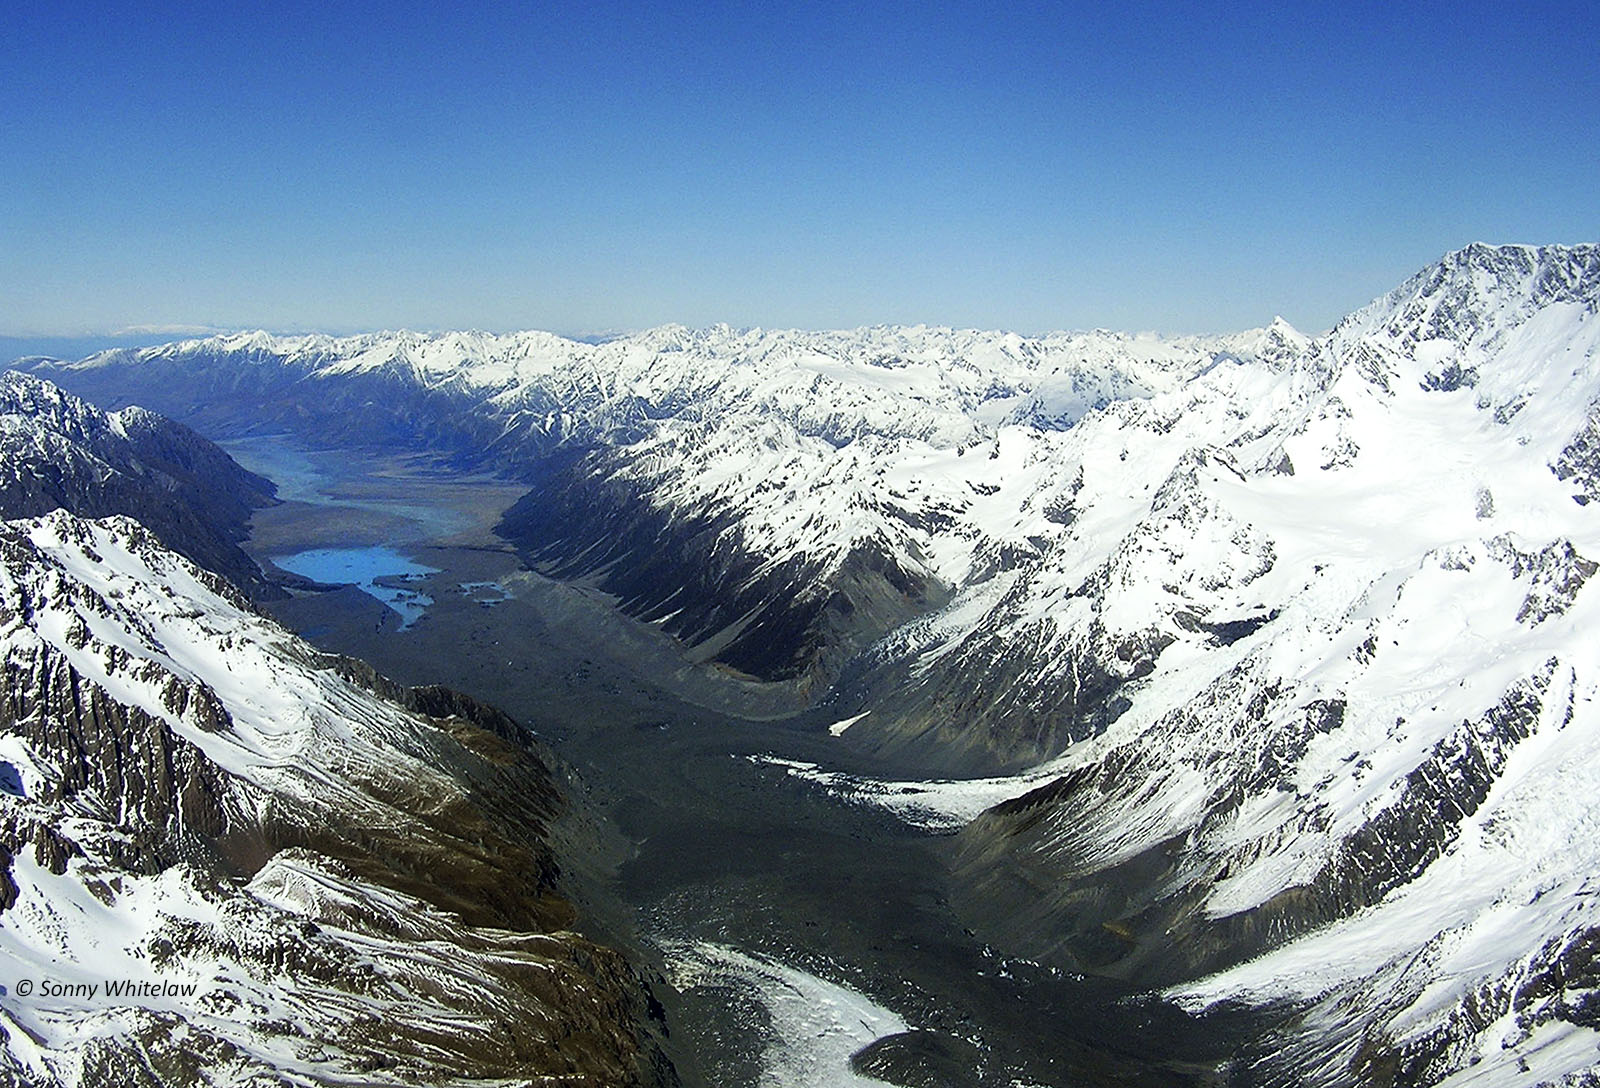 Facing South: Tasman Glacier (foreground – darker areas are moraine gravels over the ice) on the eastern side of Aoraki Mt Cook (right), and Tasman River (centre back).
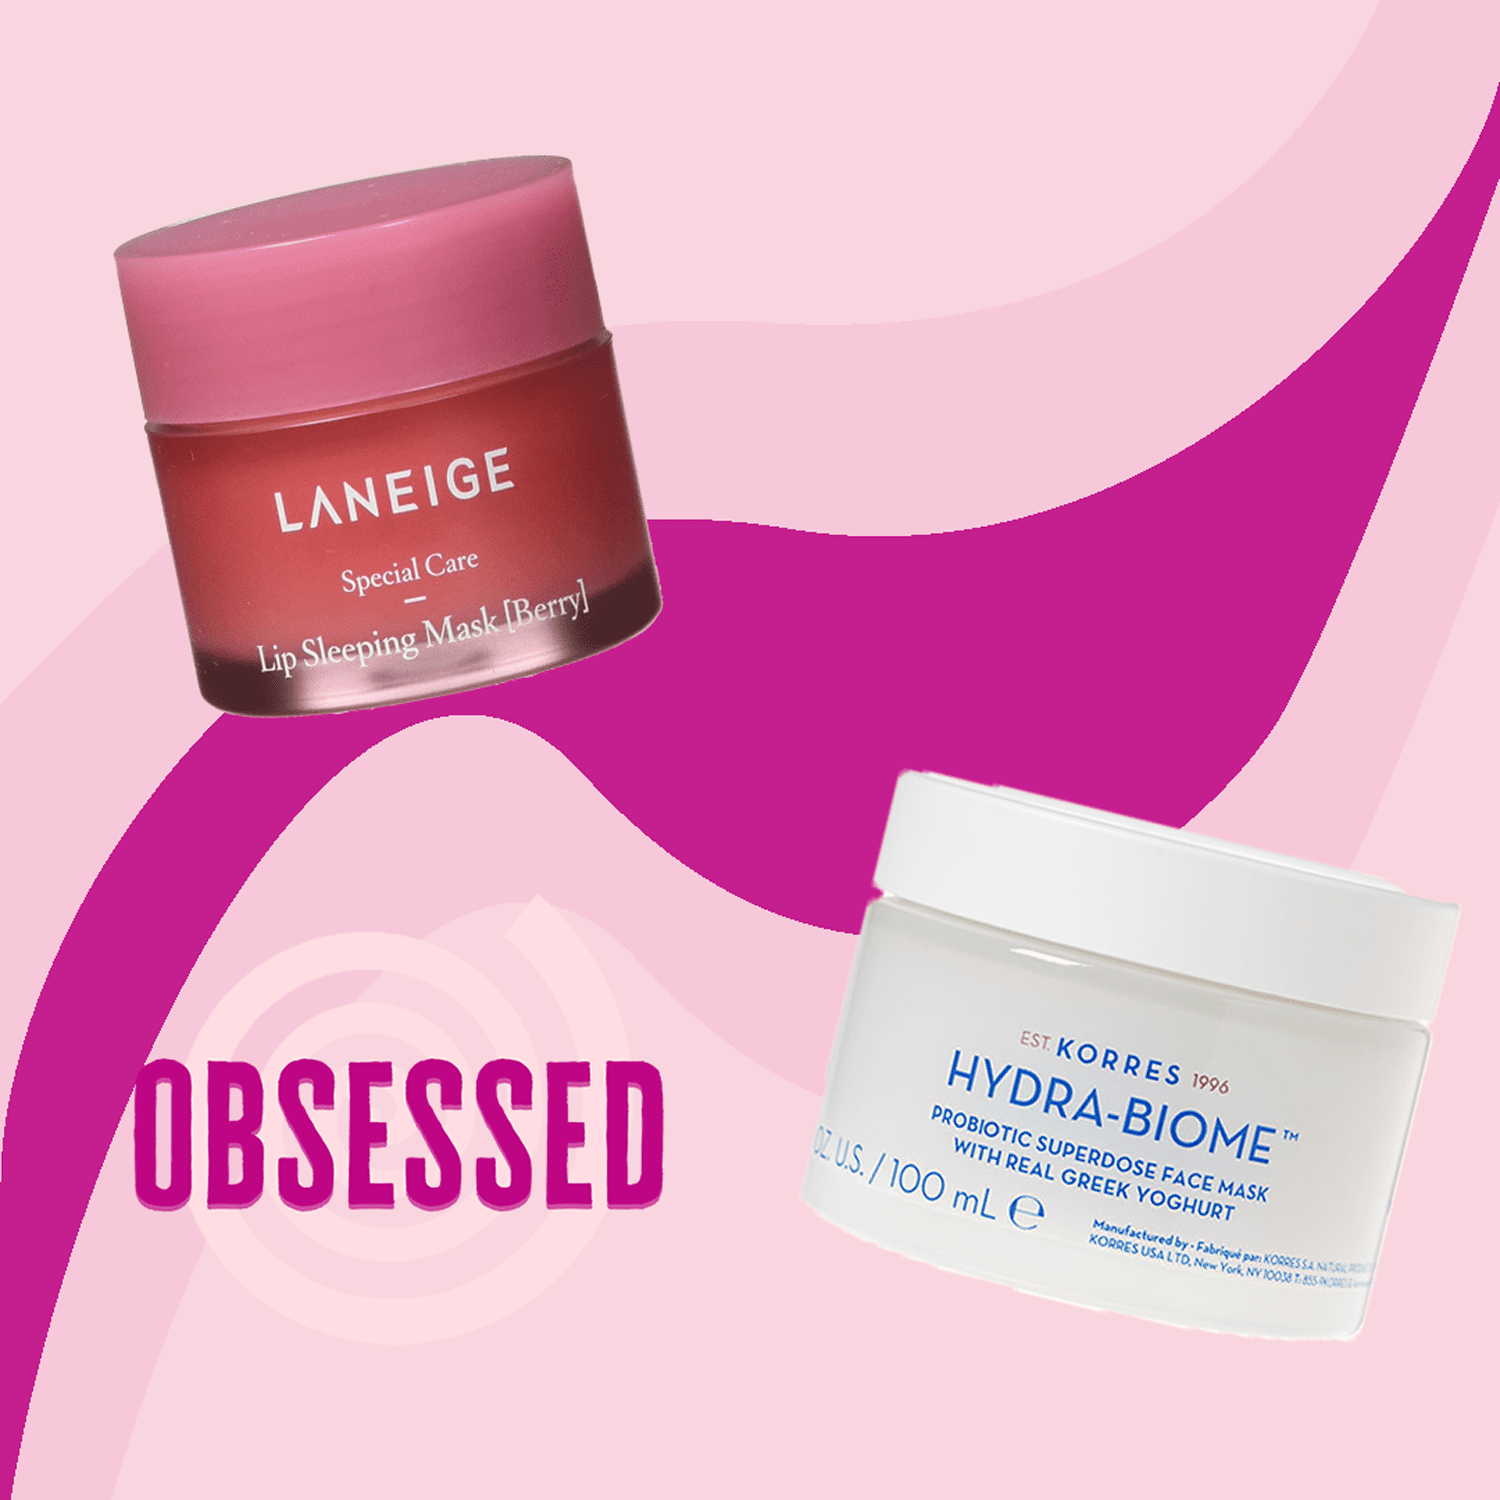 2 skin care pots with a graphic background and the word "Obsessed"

==

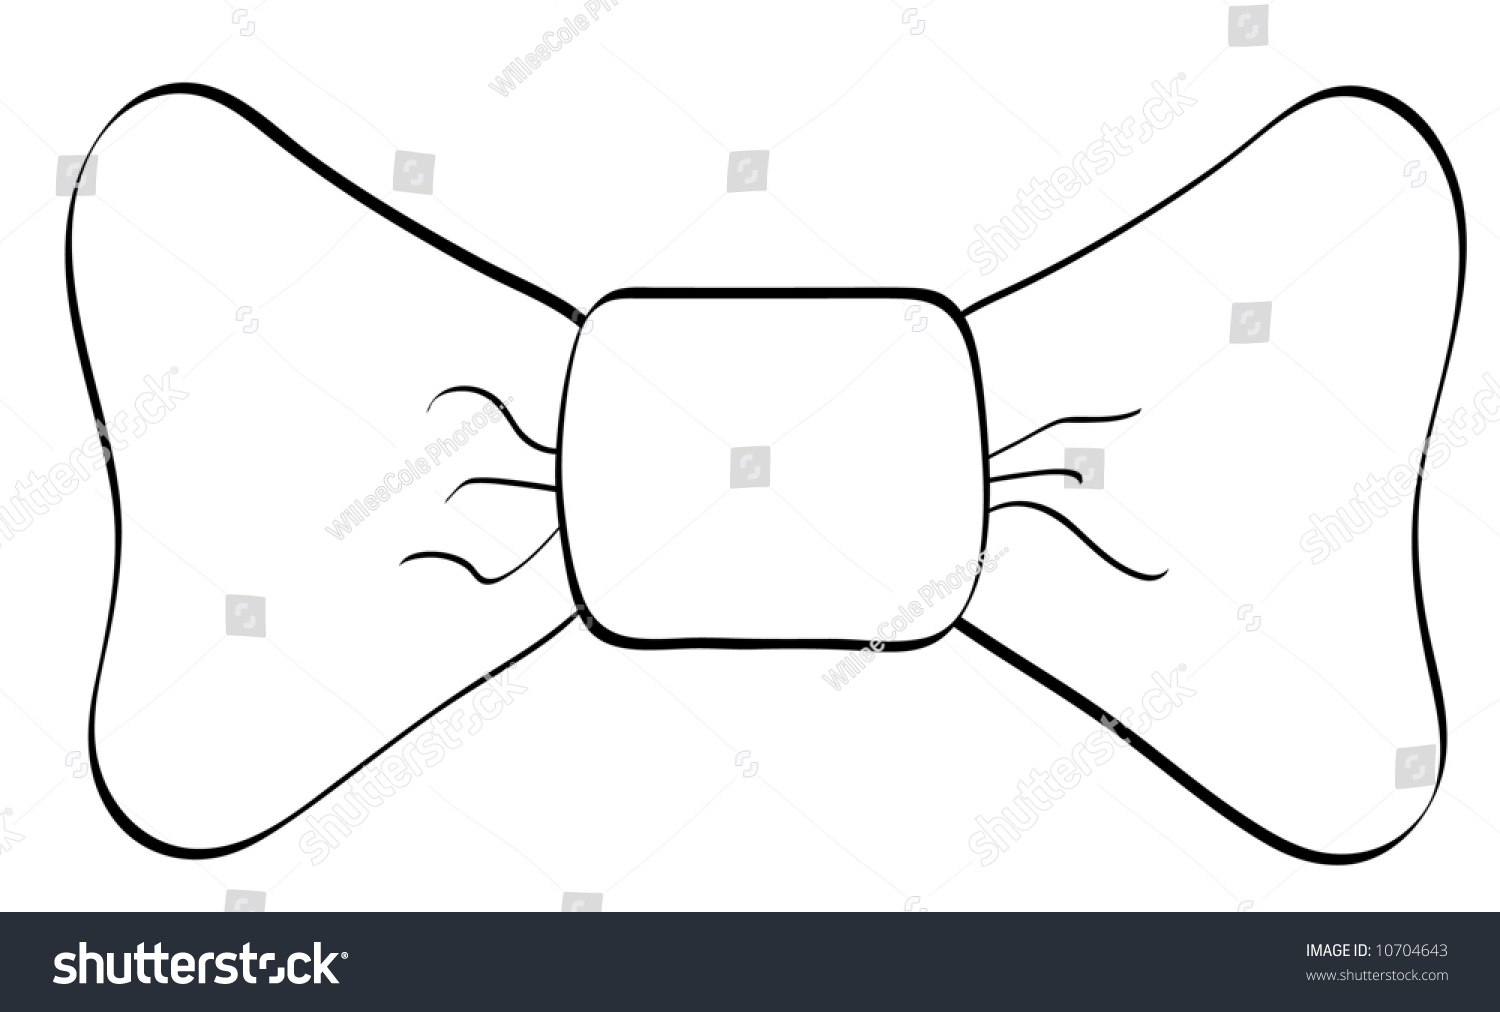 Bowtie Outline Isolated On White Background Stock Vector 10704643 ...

* * *

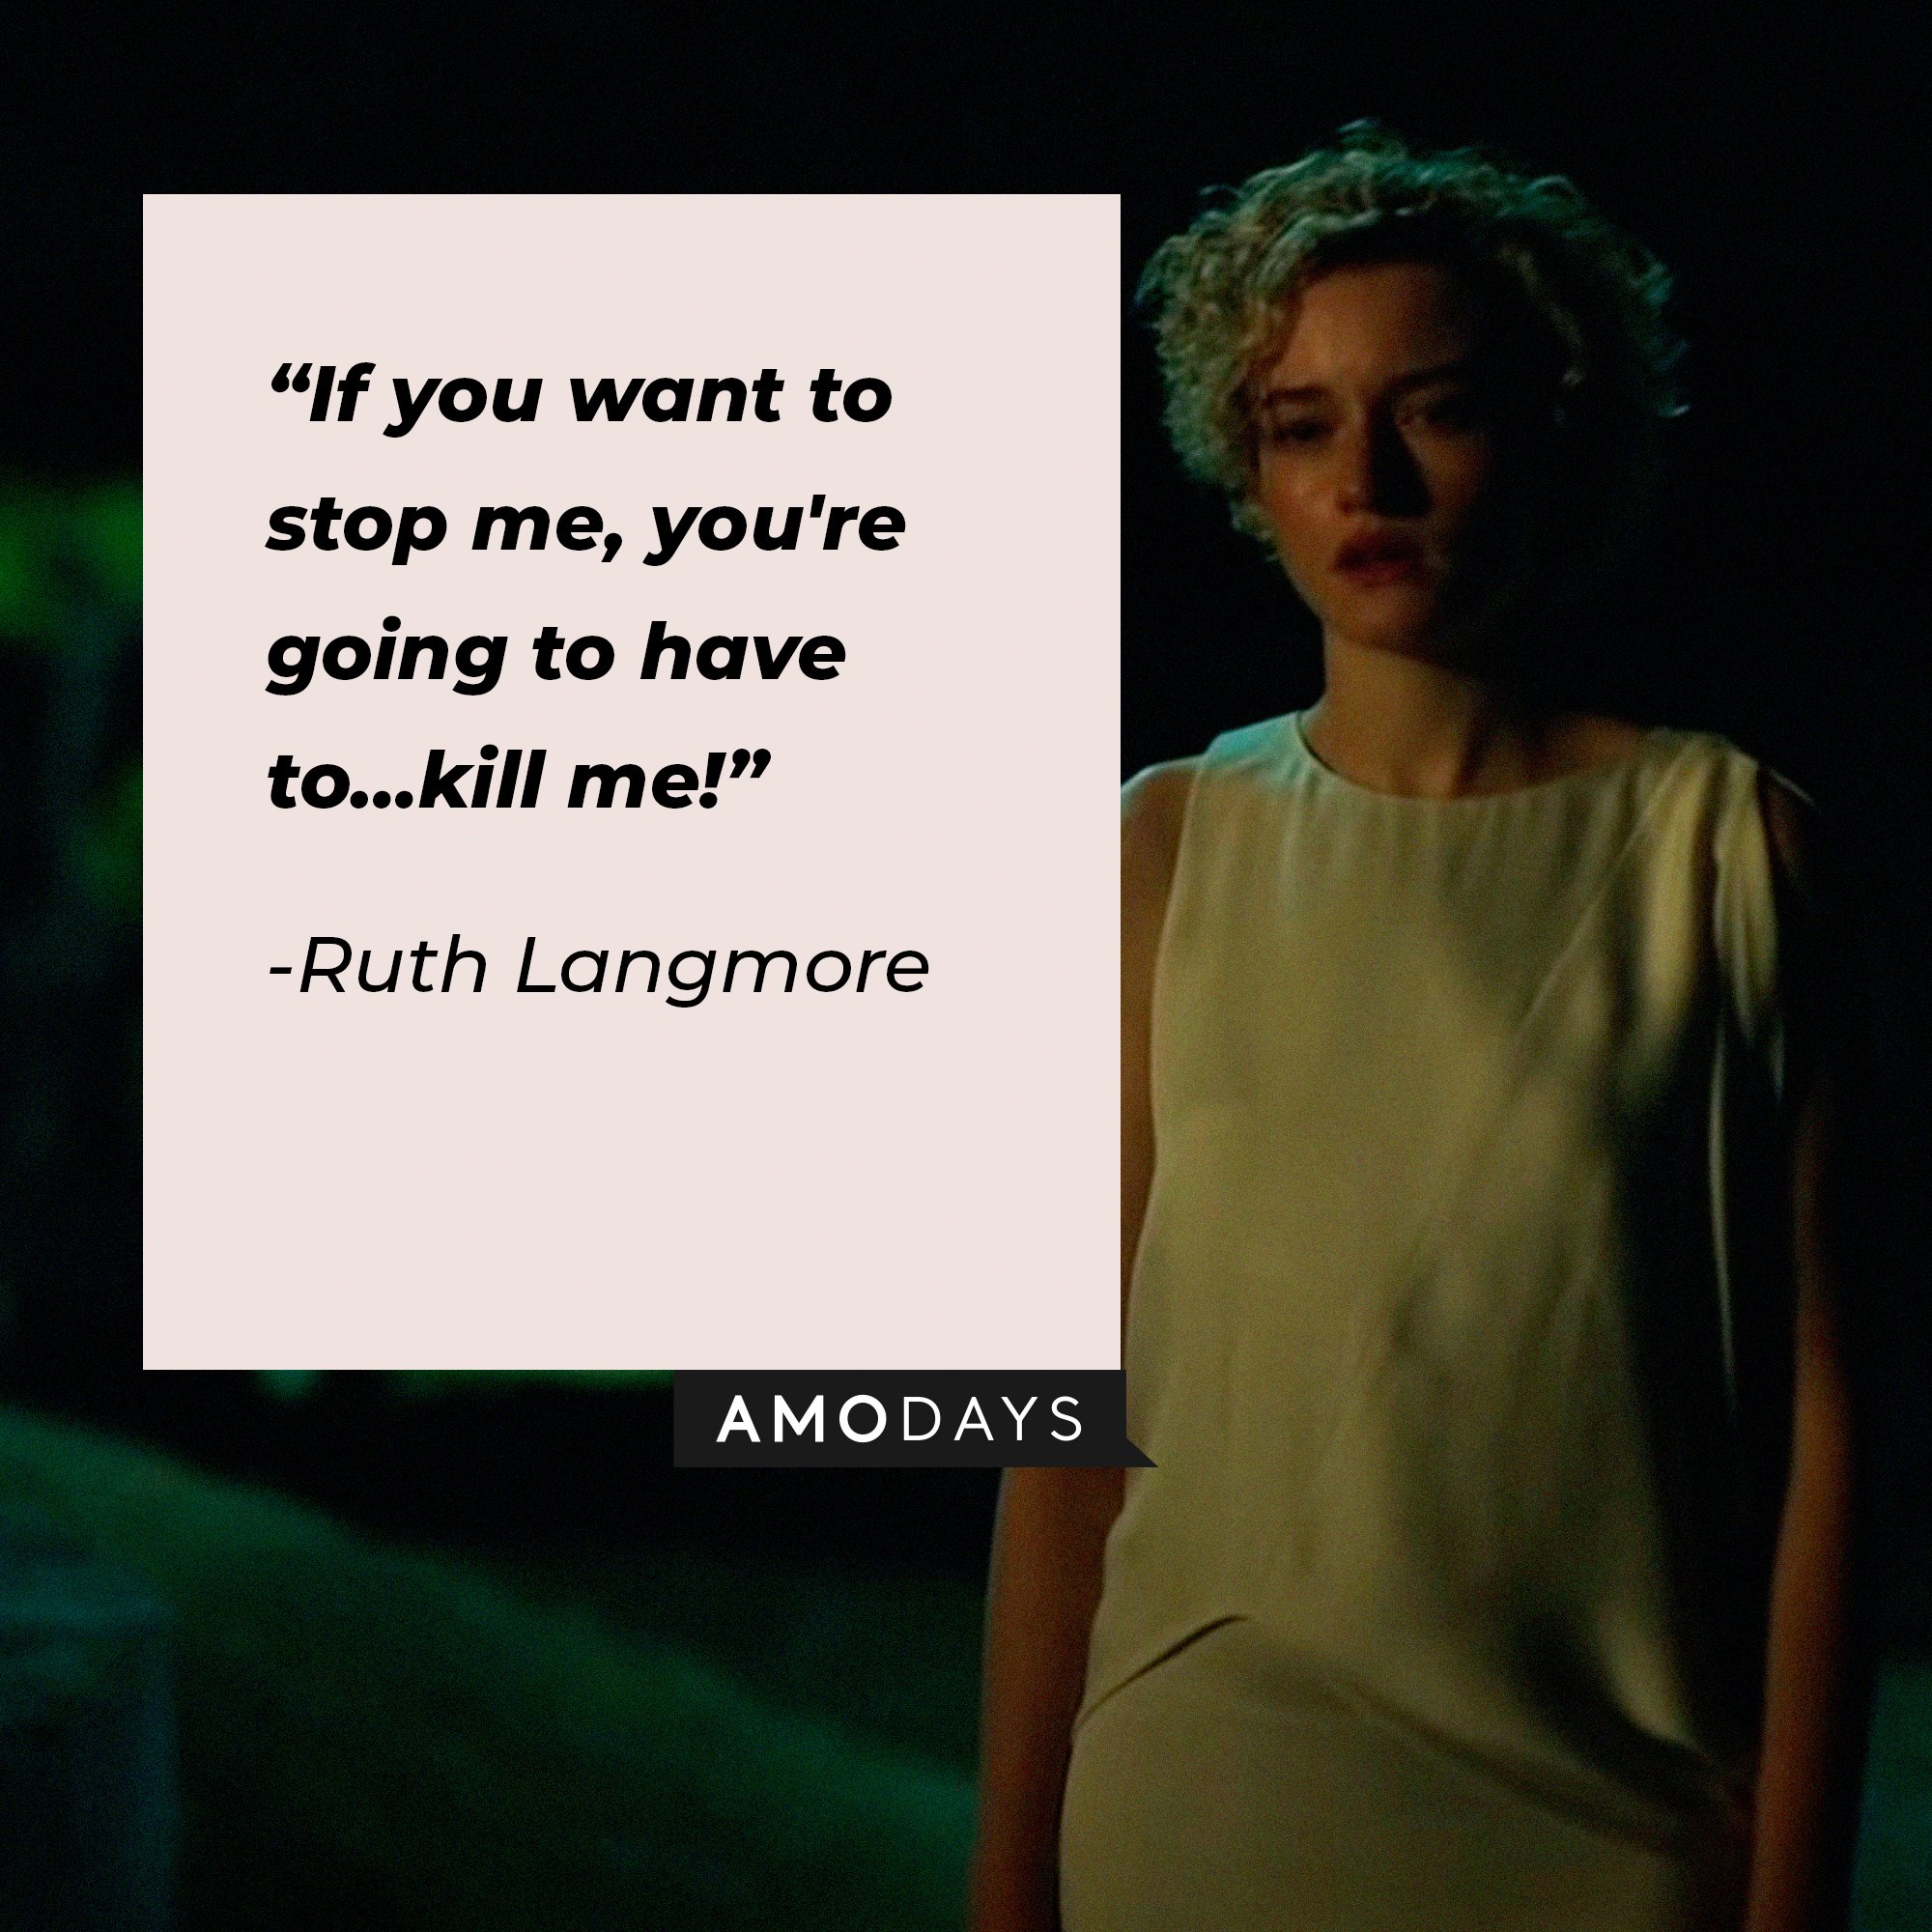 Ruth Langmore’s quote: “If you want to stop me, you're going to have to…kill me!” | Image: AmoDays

DESCRIPTION OF THE TASK: Give back exactly, and solely, the section of the data above bounded by the line containing "Facing South: Tasman" and the line containing "2 skin care", both bounding lines included and pictures omitted.

ANSWER FOR THIS EXERCISE:
 Facing South: Tasman Glacier (foreground – darker areas are moraine gravels over the ice) on the eastern side of Aoraki Mt Cook (right), and Tasman River (centre back).
 2 skin care pots with a graphic background and the word "Obsessed"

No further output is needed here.